So, lately I've been seeing lots of make your own yogourt posts on blogs and websites. Awesome.
The basic method is to give your milk (about 4 cups) a little boil then cool it down to a baby bath temperature, then you add 2 tbsp of any yogourt with live bacteria cultures and maintain that warm temperature for 8-12 hours(I put a container in a bowl of warm water, in the oven just below the 150F setting) and taadaaa! Yogourt!
But, I can't have dairy (lactose intoler-boo!) I drink almond milk. It's super yum. Searching the interwebs for a method of making yogourt with almond milk brings results that generally involve crazy things like making your own almond milk using arrowroot powder to thicken and using yogourt starters from health food stores. Which is great, but I'm not going to do that. I don't buy those things regularly and I don't intend on doing so JUST to make yogourt. Not when I have store bought almond milk in the fridge and a 90% lactose free yogourt I picked up on super sale. So we improvise.
What I did:
I used 2 cups of almond milk and 1 tbsp of the yogourt
gave the milk a little steam and cooled it down then stirred in the yogourt and transferred it over to a container. Which I placed in my bowl of water in the oven then I just left it alone overnight. (about 12 hours).
When it came out though, it was basically liquid. Almond milk doesn't thicken so well. So I cheated and added some vanilla pudding mix and stuck it in the fridge for a few hours.
That didn't thicken it enough so I decided to switch up my methods and turn it into a Greek yogourt.
Did you know you can make your own Greek yogourt? Seriously, out of any old yogourt, either your home made stuff or that tub you picked up on sale. You see, Greek yogourt is just a thicker, creamier version of the regular stuff. It's just had most of the liquid strained out. Neat huh? All you need is a strainer with a container underneath it (to catch the liquid) and a cheesecloth (fold it in half, twice). If you don't have a cheese cloth you can also use a coffee filter. I used a coffee filter.
How to make Greek yogourt:
Put your cheese cloth or coffee filter in the strainer, put the strainer in a bowl or over a container to catch the water.
Dump your yogourt in and be patient. Once it's a consistency you like just pour it on back into it's container and put it back in the fridge. Enjoy.
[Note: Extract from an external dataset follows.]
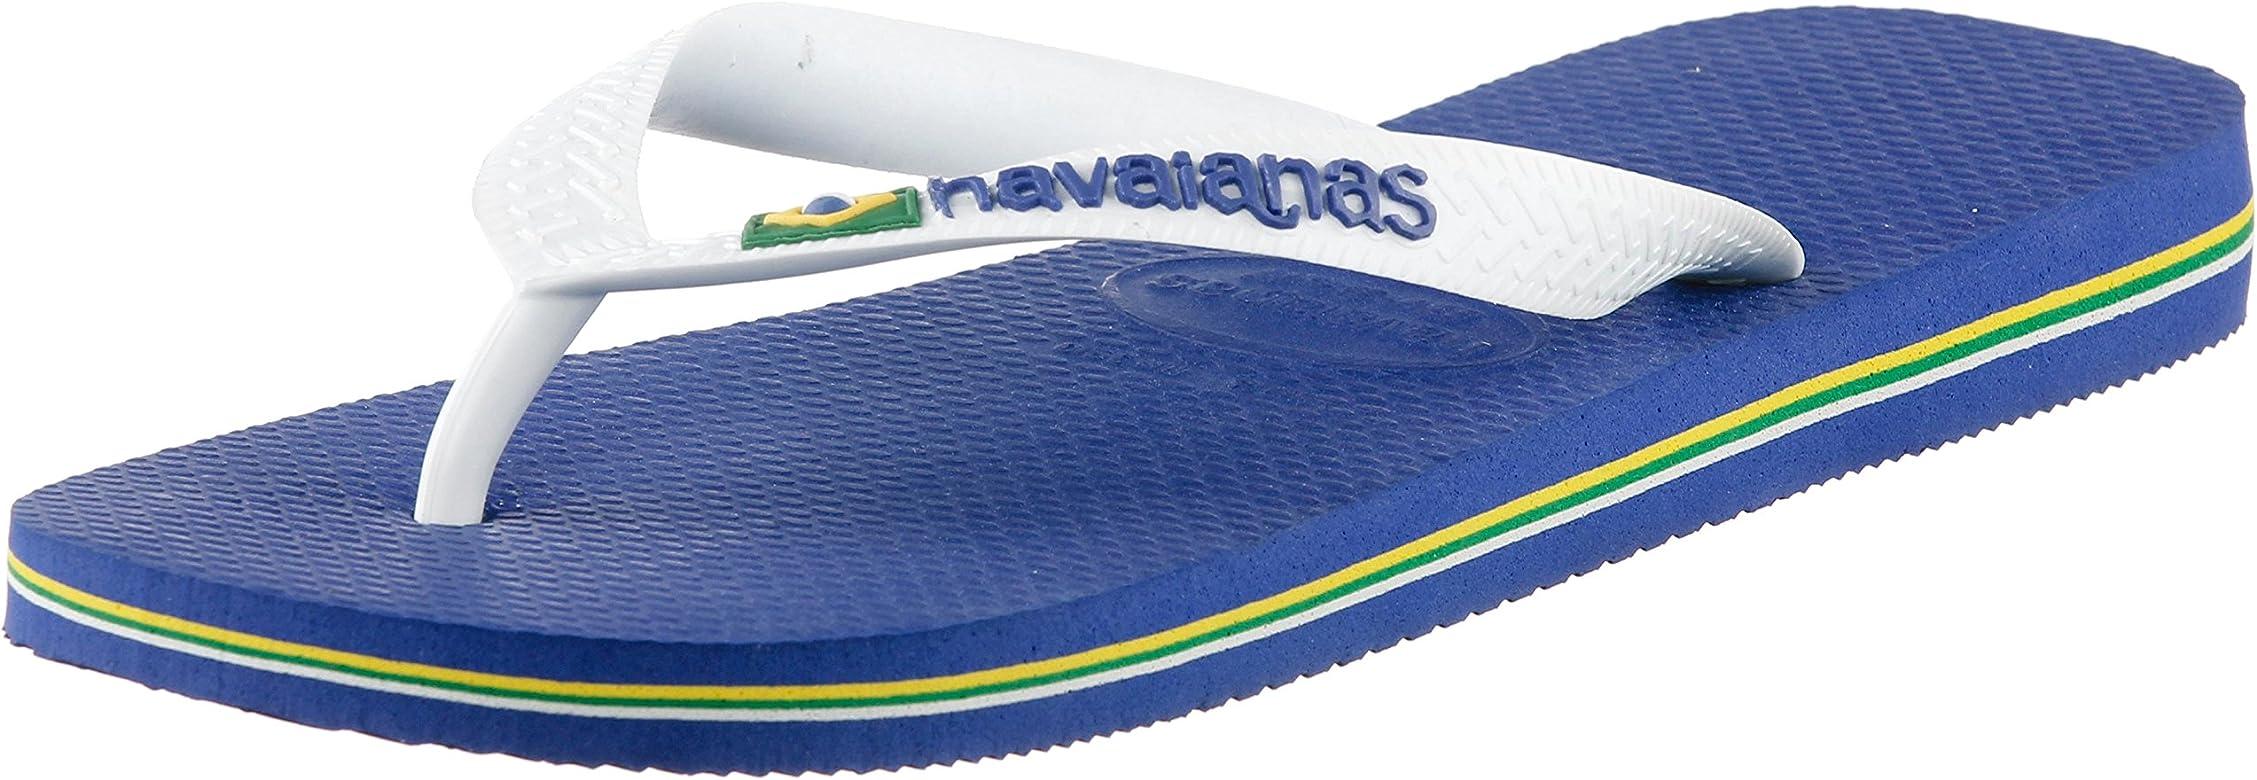 Havainas Slim White, Chanclas para Mujer, Marine Blue, 45/46 EU: Amazon.es: Zapatos y complementos

Final results are that while very tasty, the almond milk yogourt is still very thin. Almond milk just doesn't thicken. What I'm going to do next time to solve this problem is just use a bit of corn starch and water boiled into the almond milk to thicken it. Then I'll cool it and carry on as normal. The pudding mix works fine, I just don't like vanilla and would rather it plain.
Let me know how yours turns out.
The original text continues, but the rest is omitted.